Grasella Sofia Mingkid - detikNews
Selain Sukses, Bhayangkari Diharapkan Bawa Keluarga Masuk Surga Kapolda Jatim saat menghadiri acara peringatan Kesatuan Gerak Bhayangkari (Foto: Grasella Sofia Mingkid)
Surabaya - Bhayangkari kini telah memasuki usia ke-65 tahun. Selain harus bisa mengantar suami dan anak sukses, Bhayangkari juga diharapkan mengantar suami dan anak masuk surga.

"Bhayangkari harus bisa mengantar suami dan anak-anaknya untuk sukses. Lebih jauh lagi mengantar suami dan anaknya masuk surga, itu yang paling penting," ujar Kapolda Jatim Irjen Pol Machfud Arifin dalam sambutannya pada Upacara perayaan HUT Kesatuan Gerak Bhayangkari di Hotel Wyndham Surabaya, Rabu (25/10/2017).

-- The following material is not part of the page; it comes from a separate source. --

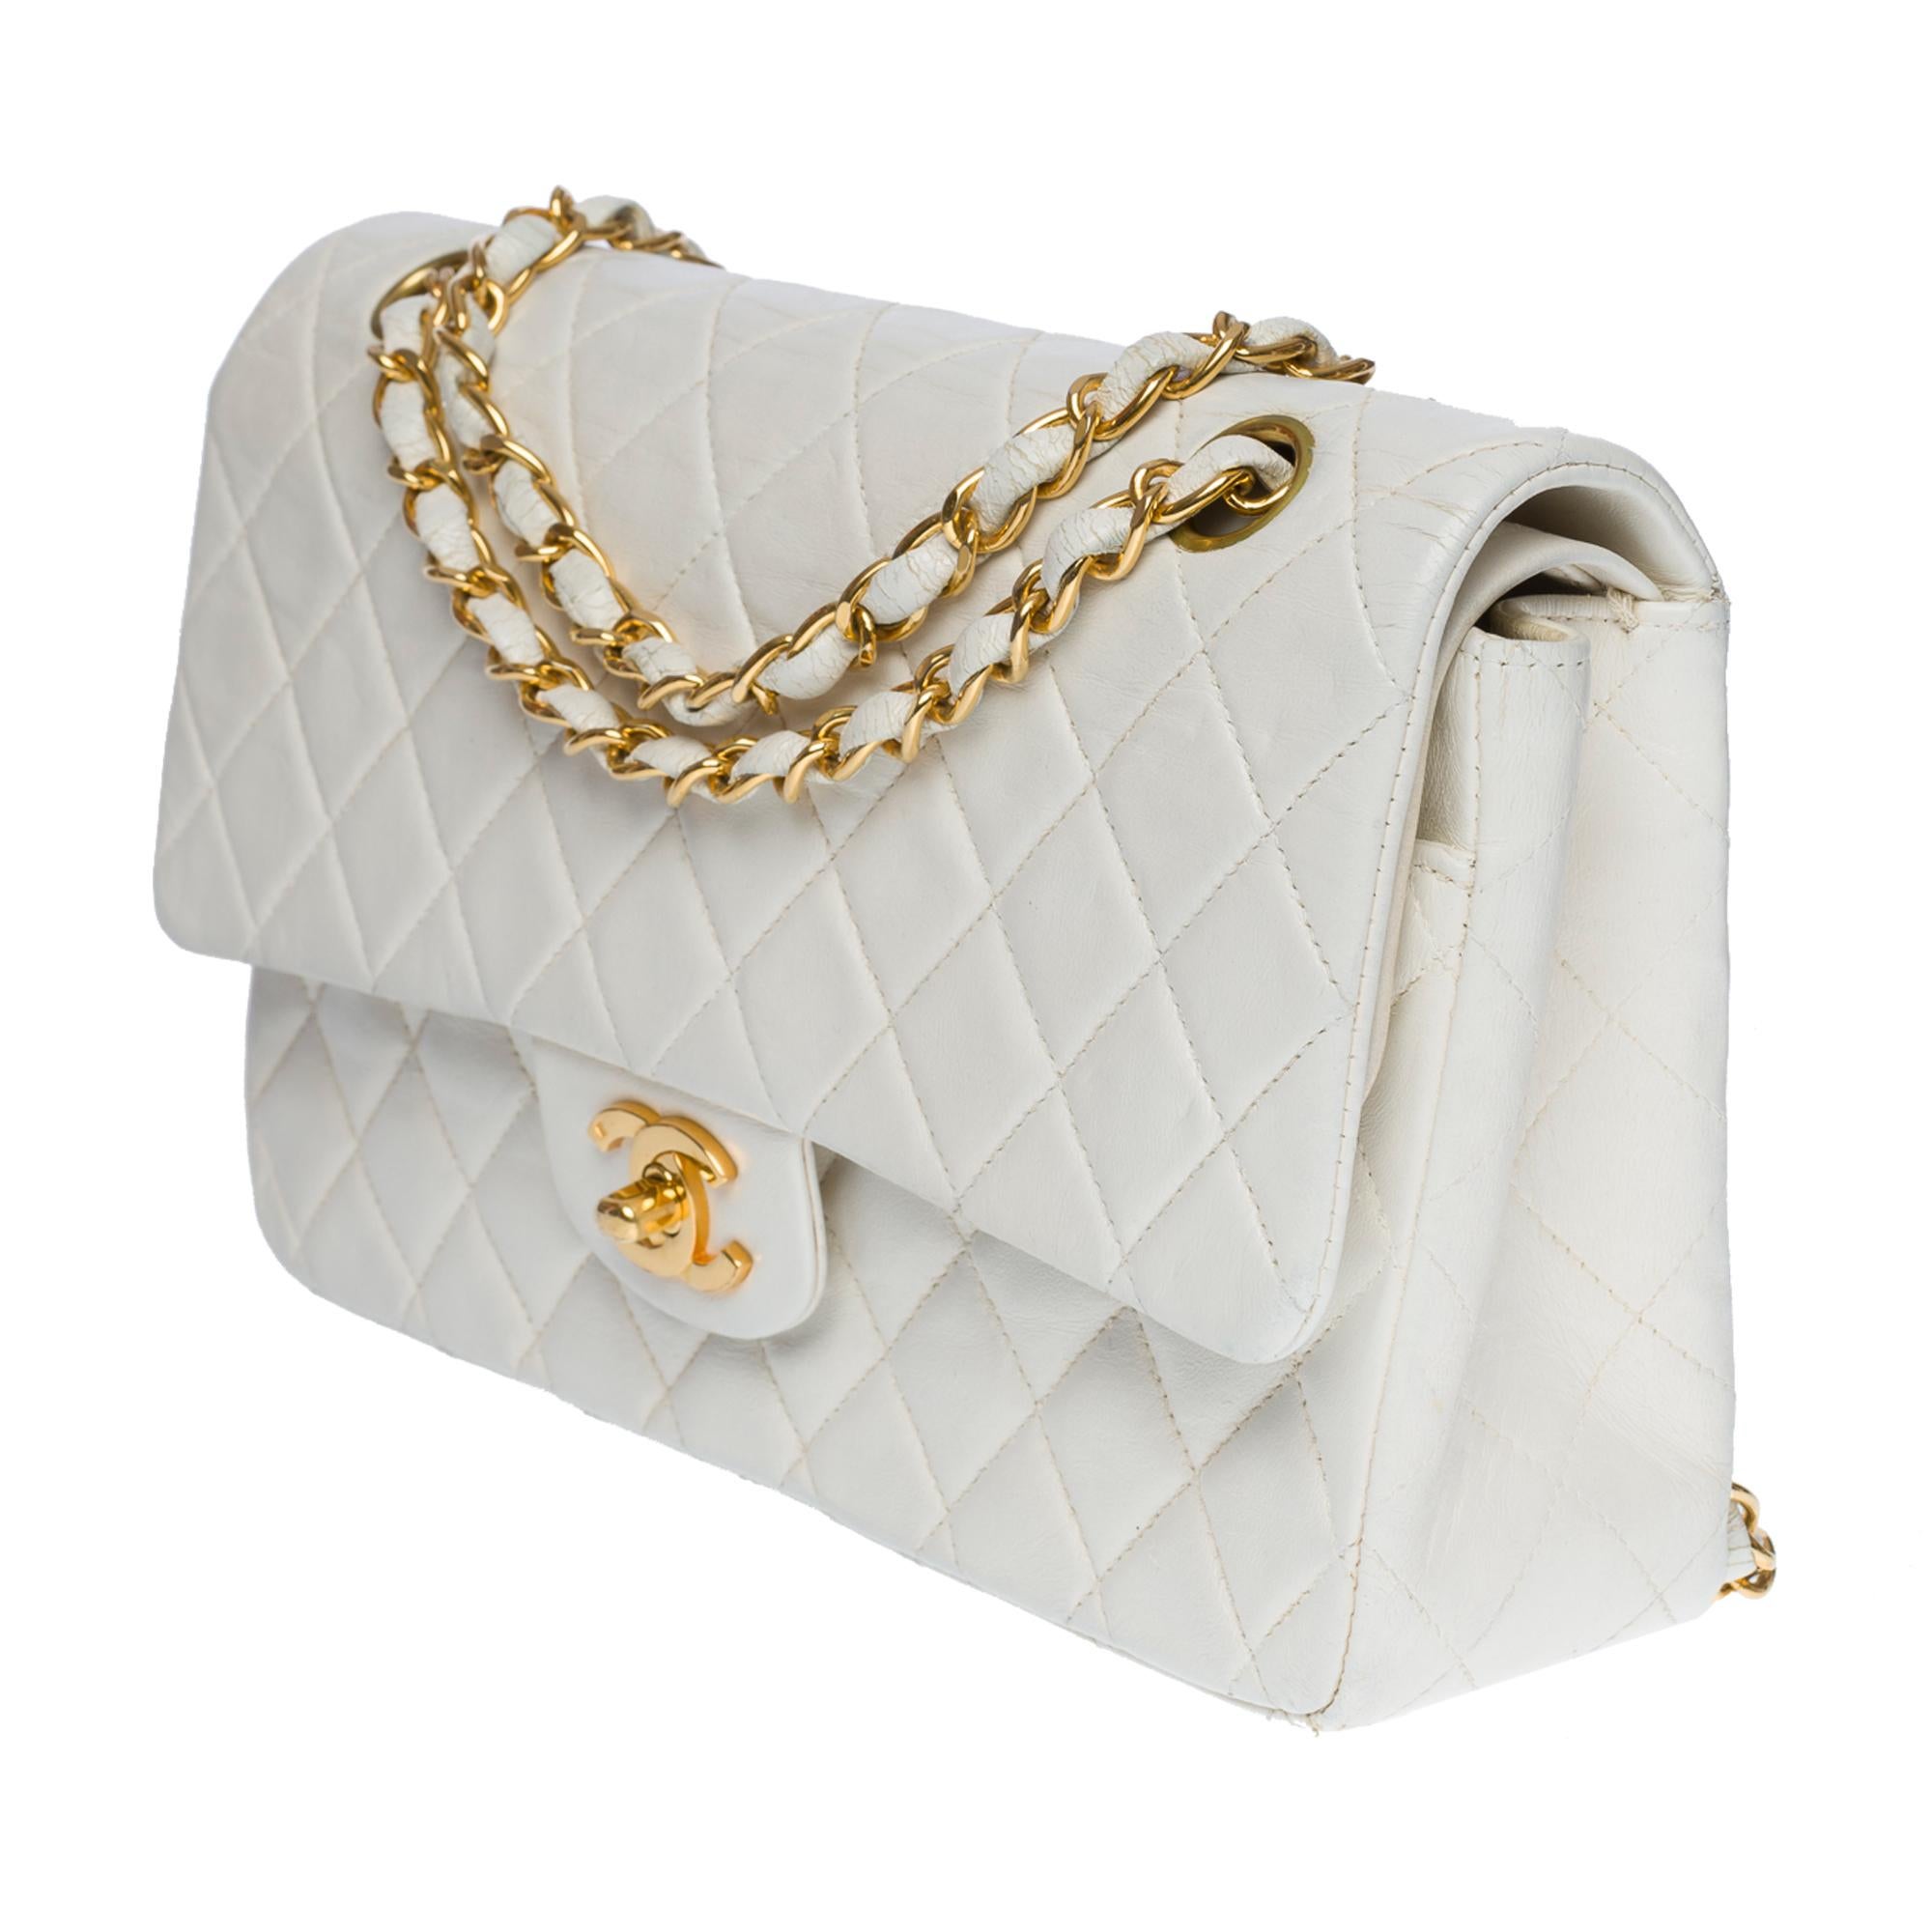 Women's Chanel Timeless Medium double flap Shoulder bag in White quilted lambskin, GHW

Machfud juga meminta agar bhayangkari semakin mandiri dan kreatif.

"Sesuai dengan tema perayaan tahun ini, diharapkan Bhayangkari bisa mandiri dan kreatif sehingga mendukung tugas Polri untuk menjunjung nama baik Polri. Ini tentunya arti yang berat dan bermakna. Mandiri artinya tidak membebani, kreatif artinya dituntut untuk bisa membantu suami dalam sisi ekonomi," ujarnya.

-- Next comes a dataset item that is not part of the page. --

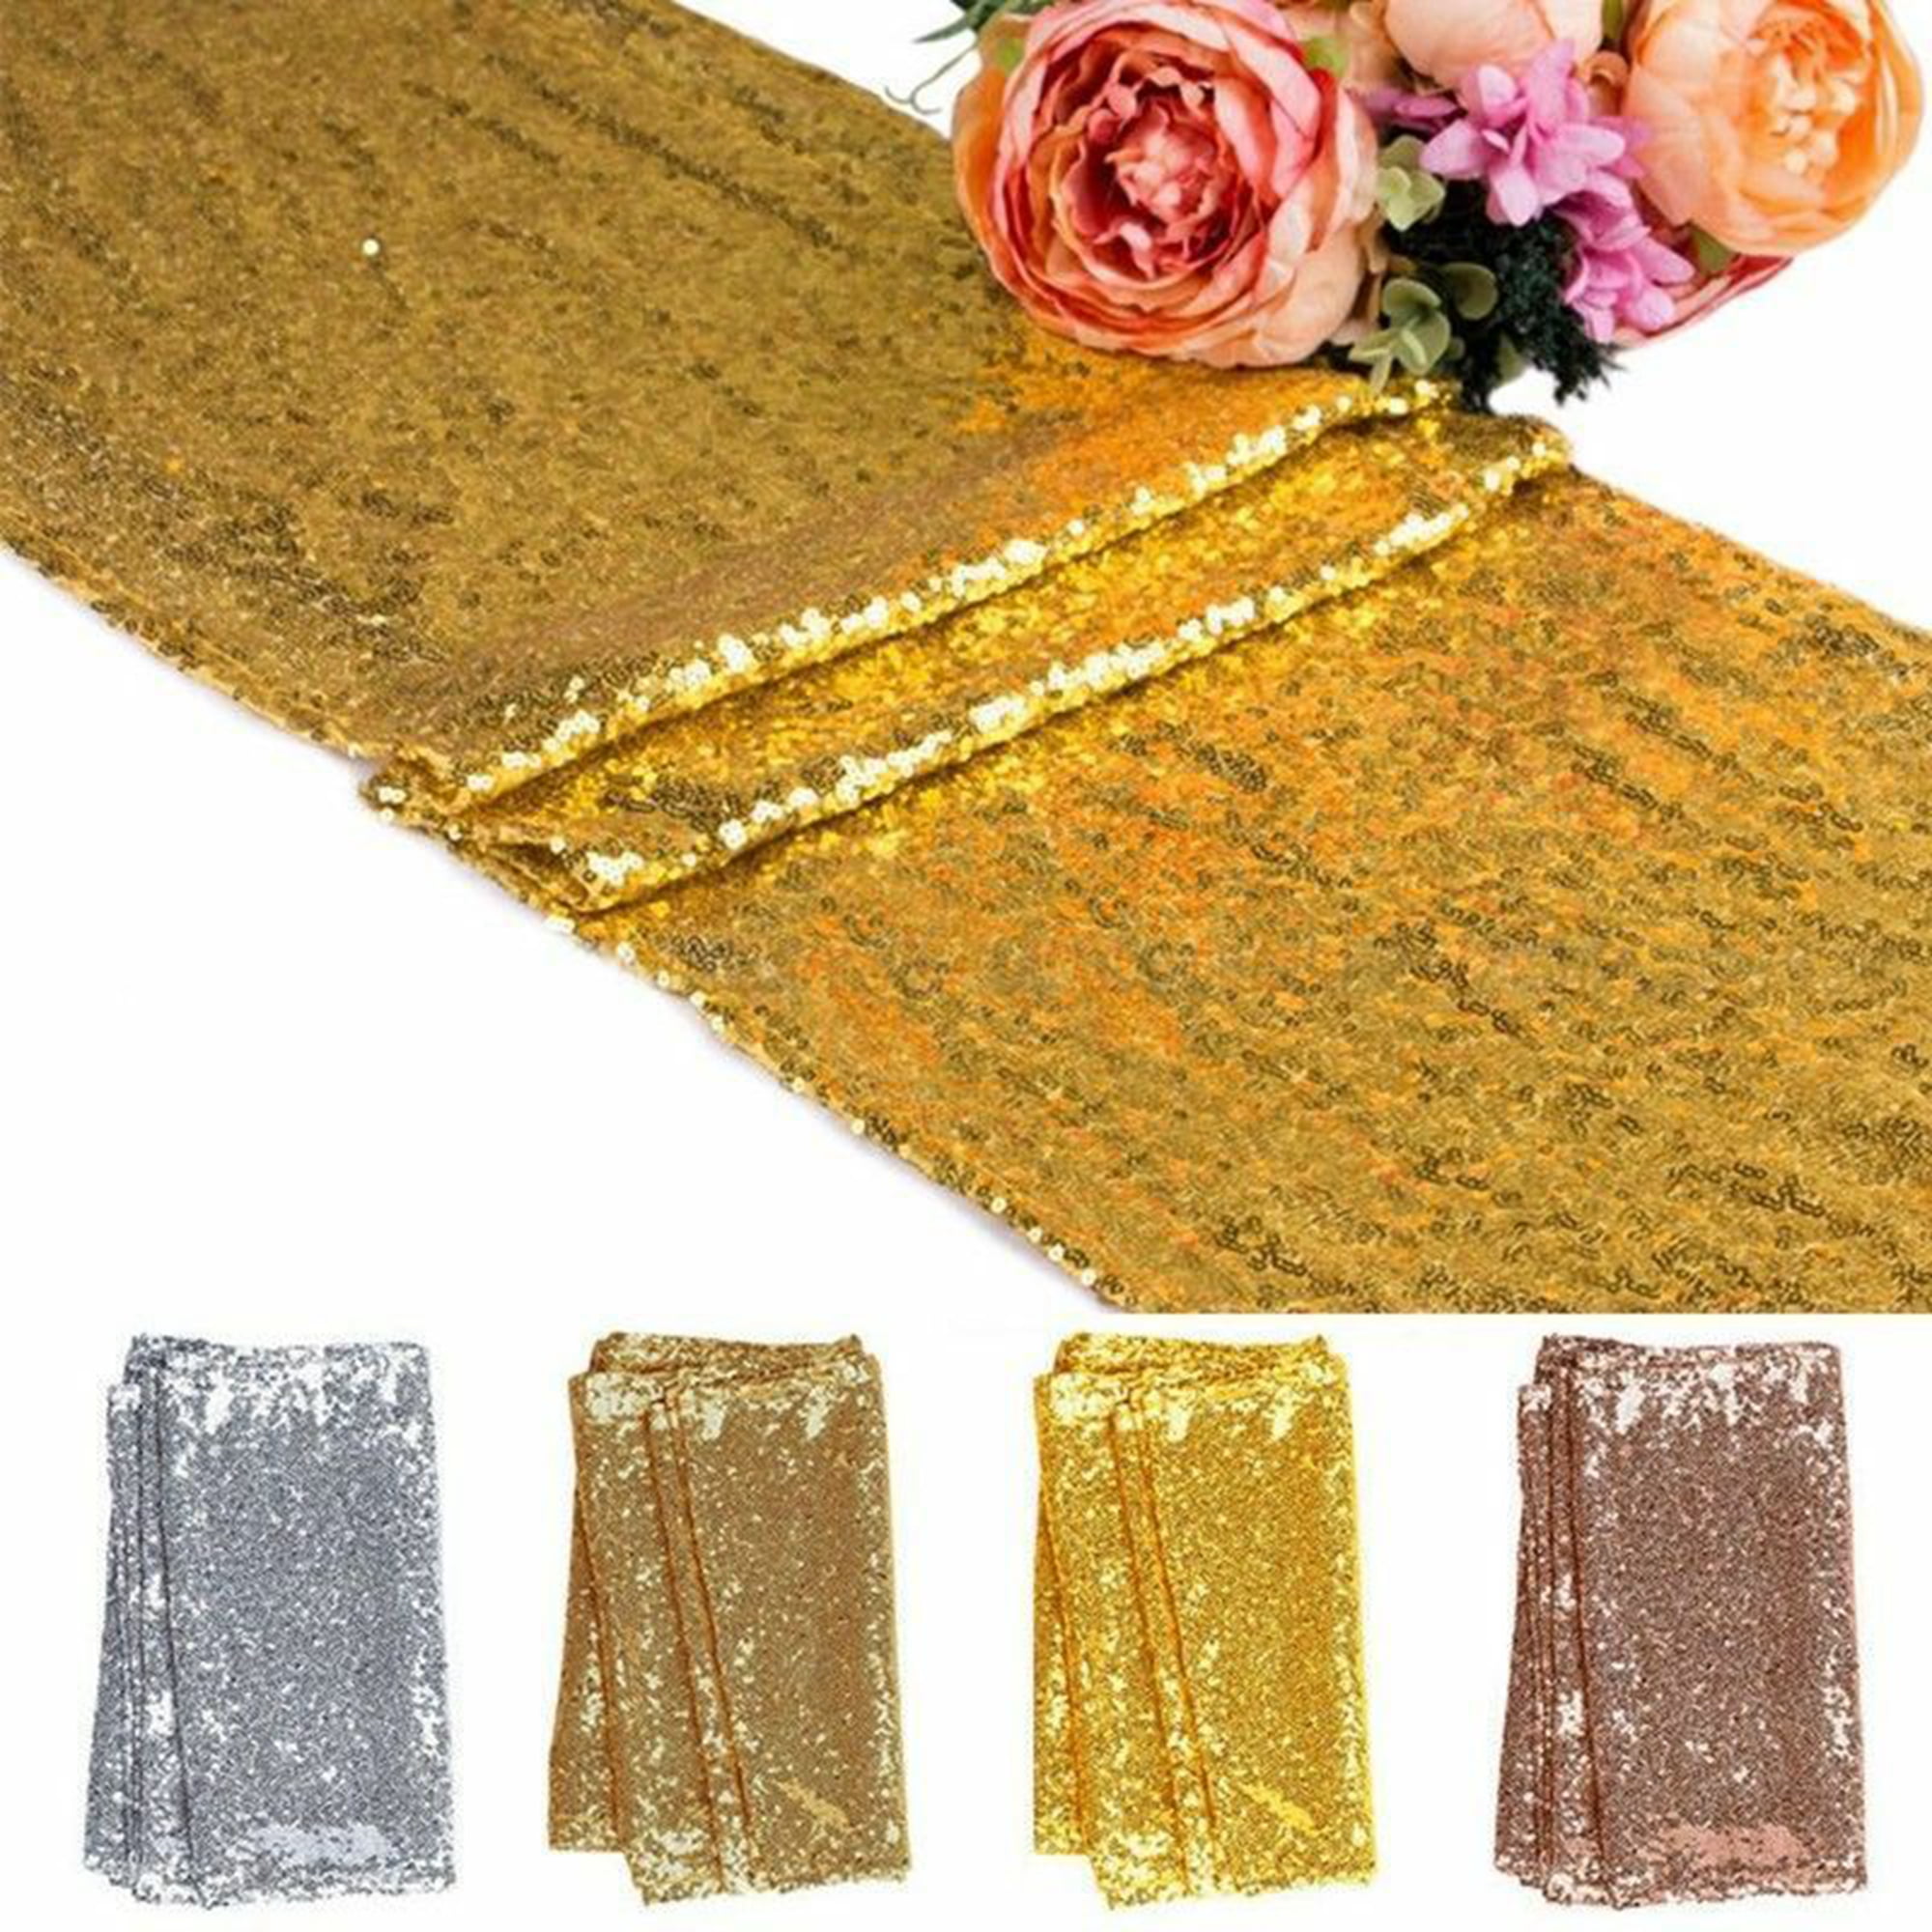 Details about   Glitter Sequin Table Runner Cloth Rose Gold/Silver Wedding Christmas Party Decor

Foto: Grasella Sofia Mingkid
Machfud juga menambahkan, bahwa istri-istri polisi kini sangat terbuka untuk melakukan wirausaha dan aktivitas kreatif lainnya untuk mendukung pekerjaan suami dan sisi ekonomi keluarga.

"Silakan berwirausaha, melakukan kegiatan kreatif selama itu bersifat positif dan dapat mendukung tugas-tugas suami," ujarnya.

Ketua Bhayangkari Polda Jawa Timur, Litta Machfud Arifin juga kembali menegaskan hal yang sama. Ia mengatakan sudah seharusnya para istri polisi di zaman ini kreatif dan mandiri. "Kita harus siap mendukung Polri untuk meningkatkan kepercayaan masyarakat dalam kerangka Negara Kesatuan Republik Indonesia," jelasnya.

Menurutnya, Bhayangkari Polda Jatim telah melakukan hal tersebut. "Bhayangkari dituntut untuk mandiri dari sisi ekonomi serta kreatif. untuk hal itu,kita sudah melakukan pembinaan untuk kreatifitas di cabang-cabang, seperti pembinaan untuk desain pakaian, kerajinan dan kreatifitas lainnya," ujar Litta.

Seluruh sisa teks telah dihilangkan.